***** Supplied data

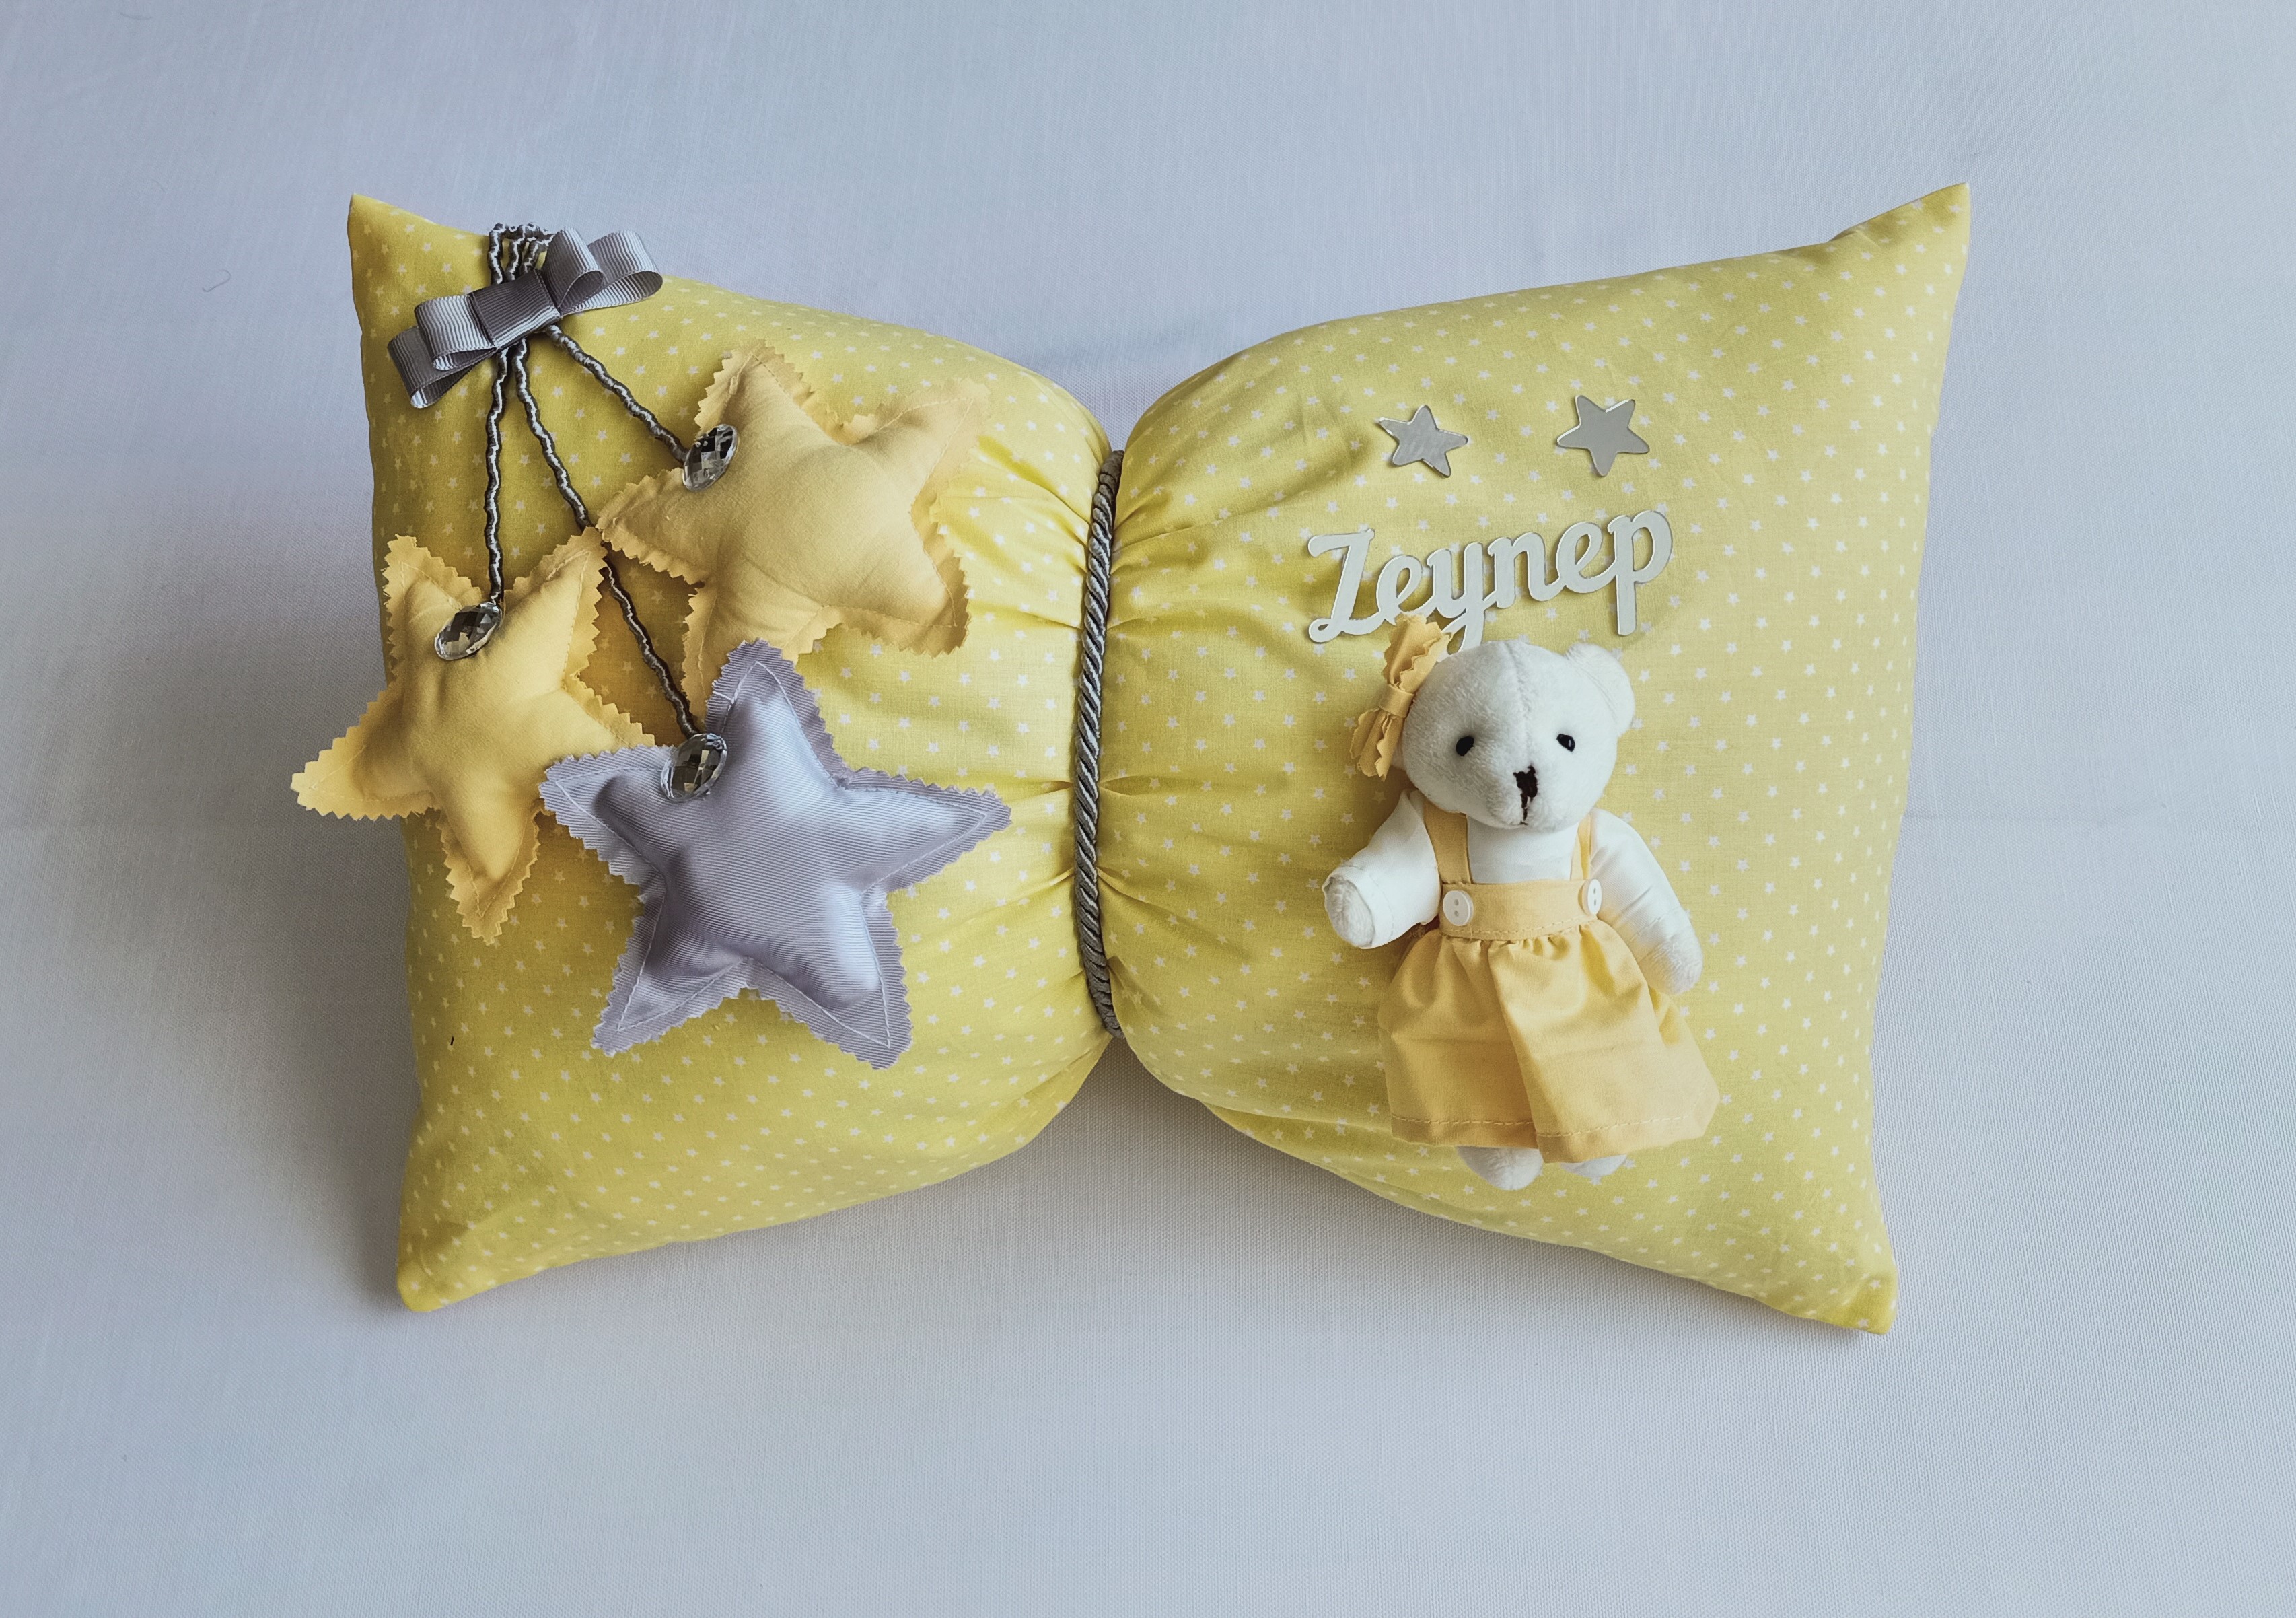 moms and babies Momsandbabies Sarı Renkli Kız Bebek Dekoratif Yastık (Takı Yastığı) (Sarı)
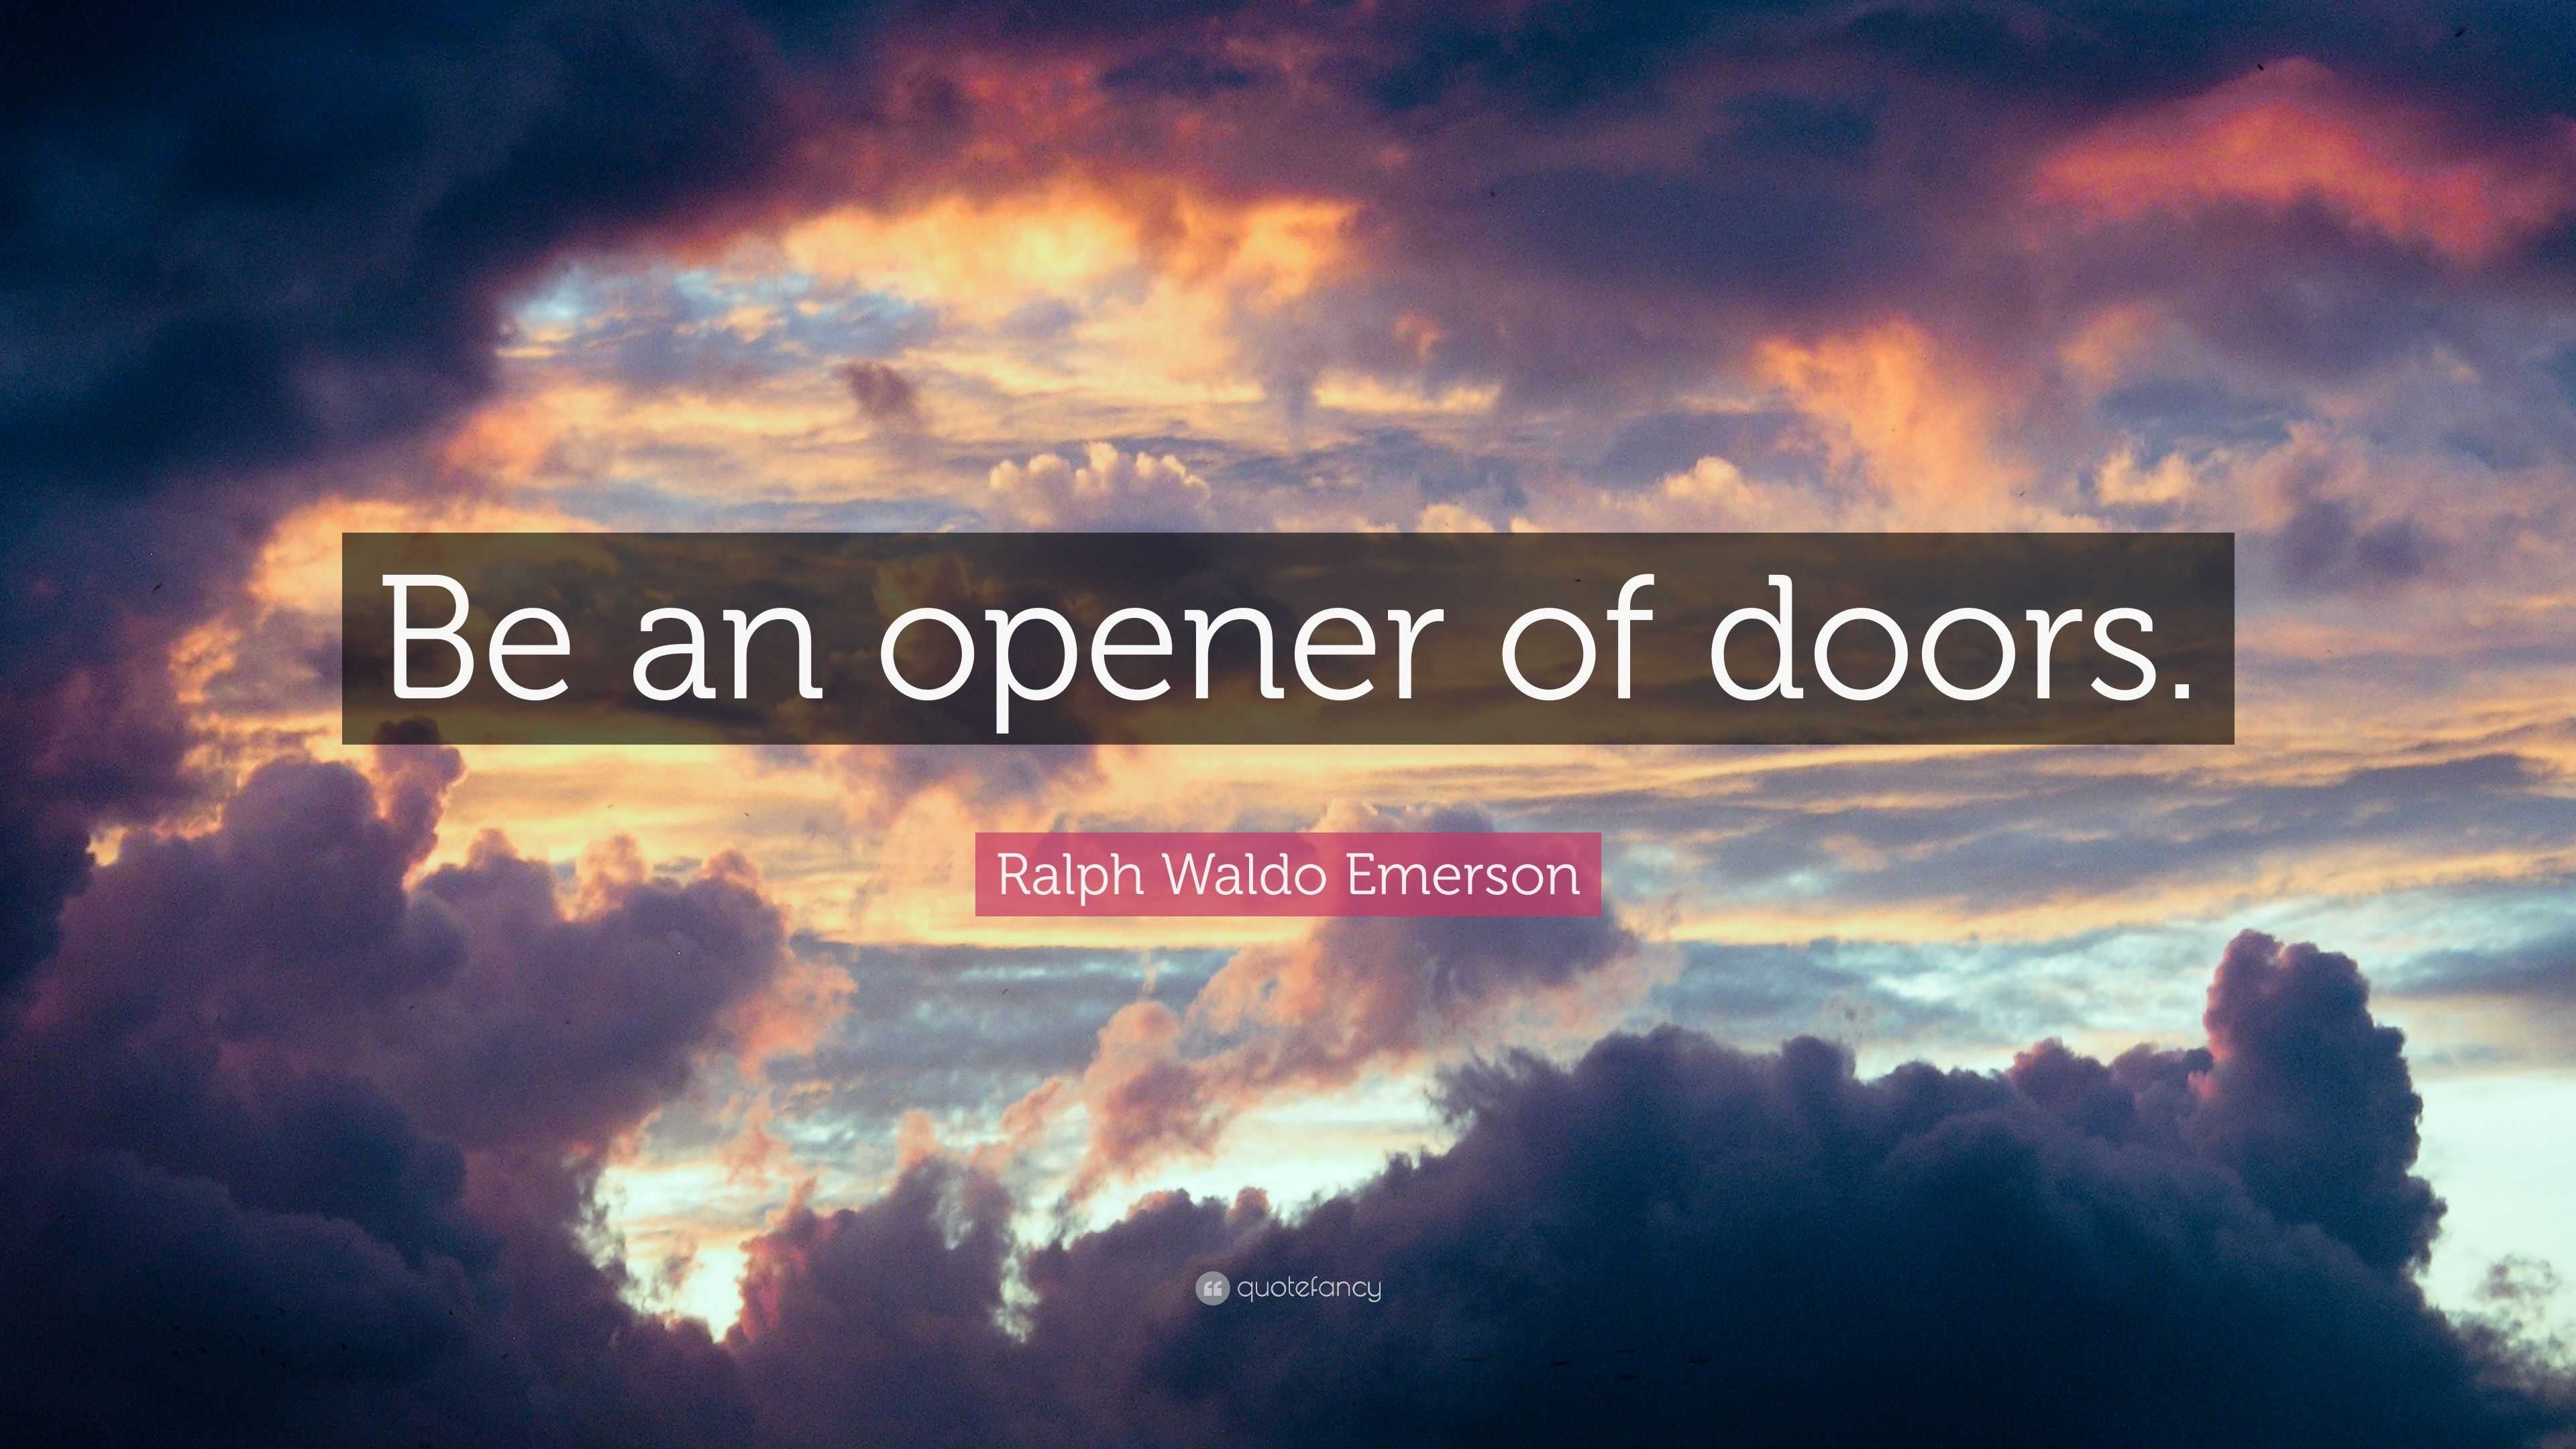 https://quotefancy.com/media/wallpaper/3840x2160/4805896-Ralph-Waldo-Emerson-Quote-Be-an-opener-of-doors.jpg
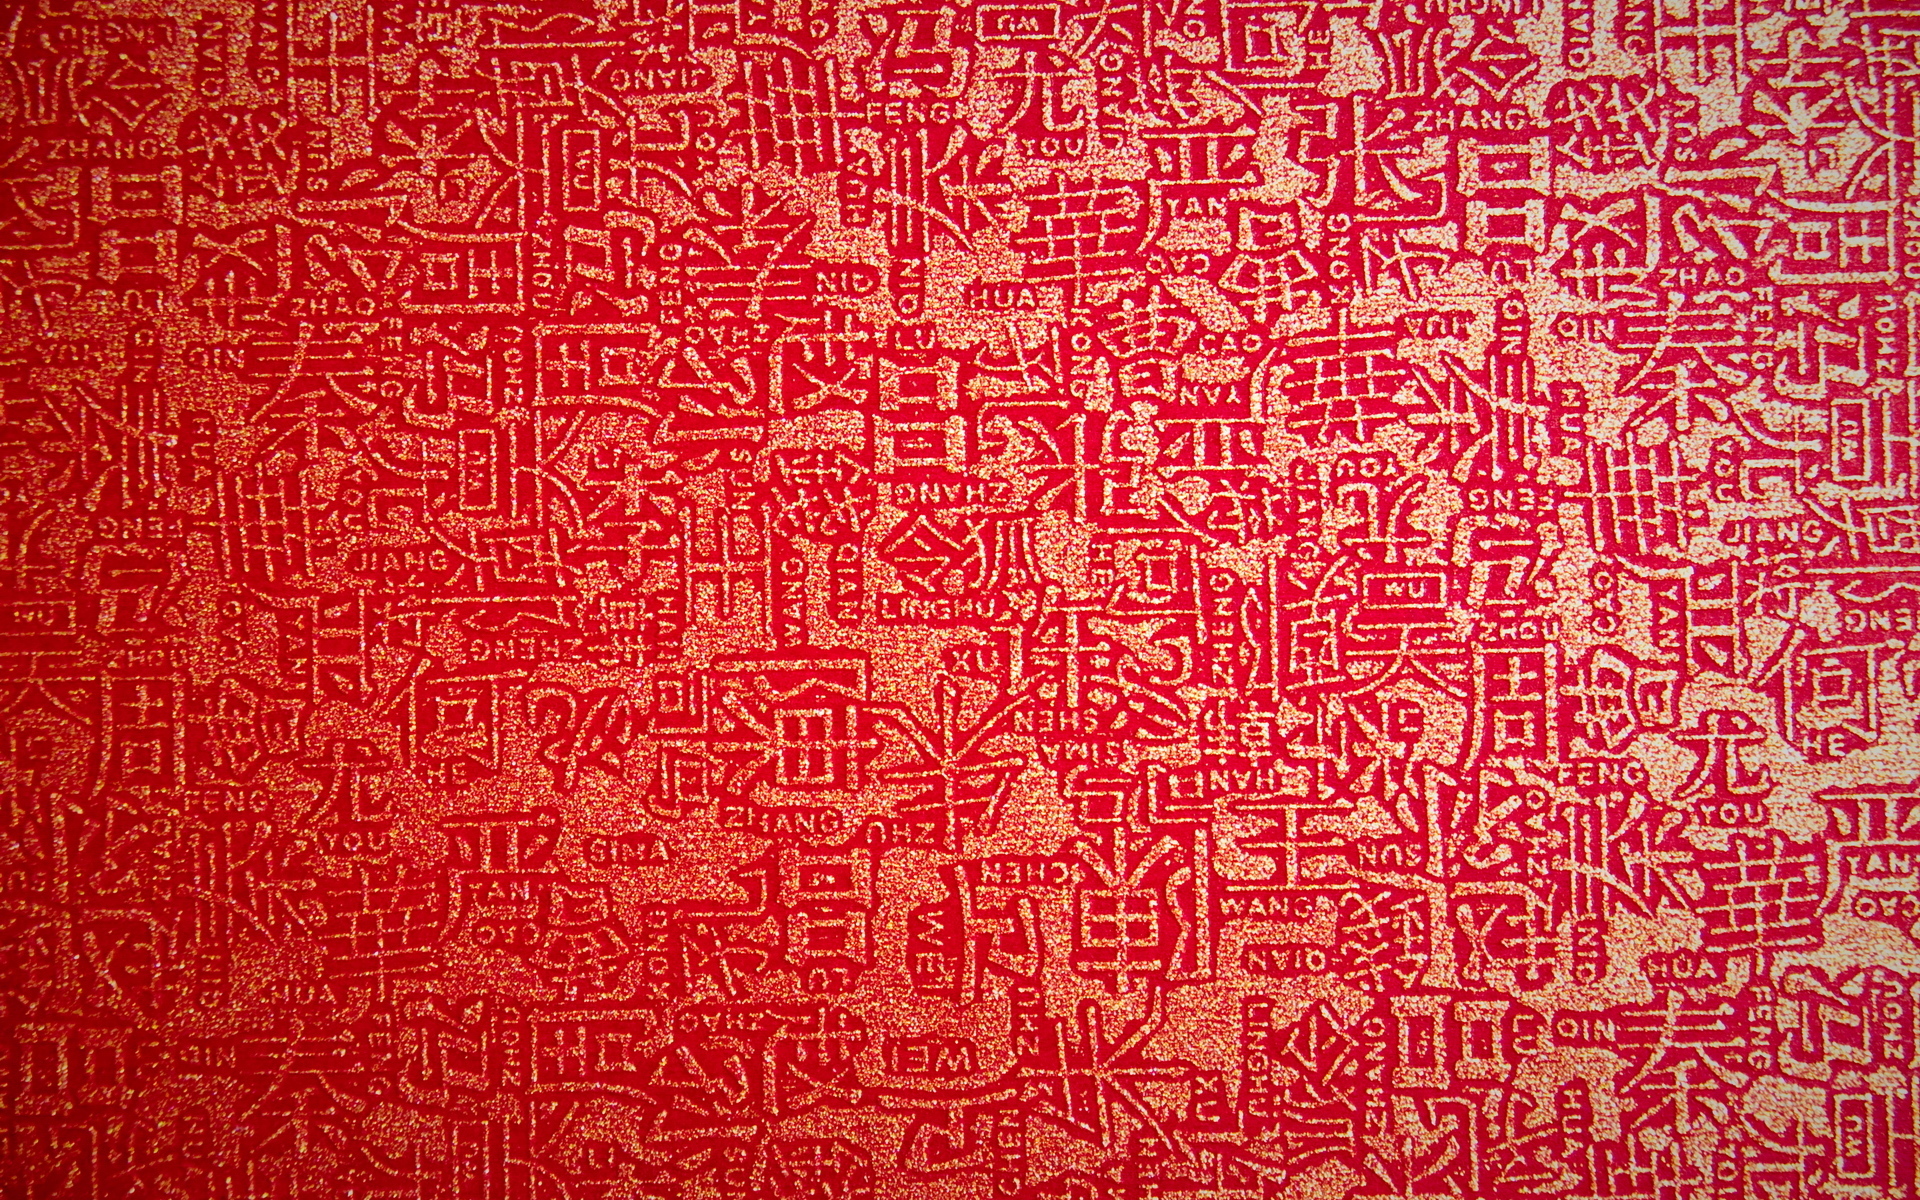 Oriental Computer Wallpapers, Desktop Backgrounds | 1920x1200 | ID:157301

**********

Work instruction: Strip out the pictures and repeat the listing above exactly.

Response area:
 moms and babies Momsandbabies Sarı Renkli Kız Bebek Dekoratif Yastık (Takı Yastığı) (Sarı)
 https://quotefancy.com/media/wallpaper/3840x2160/4805896-Ralph-Waldo-Emerson-Quote-Be-an-opener-of-doors.jpg
 Oriental Computer Wallpapers, Desktop Backgrounds | 1920x1200 | ID:157301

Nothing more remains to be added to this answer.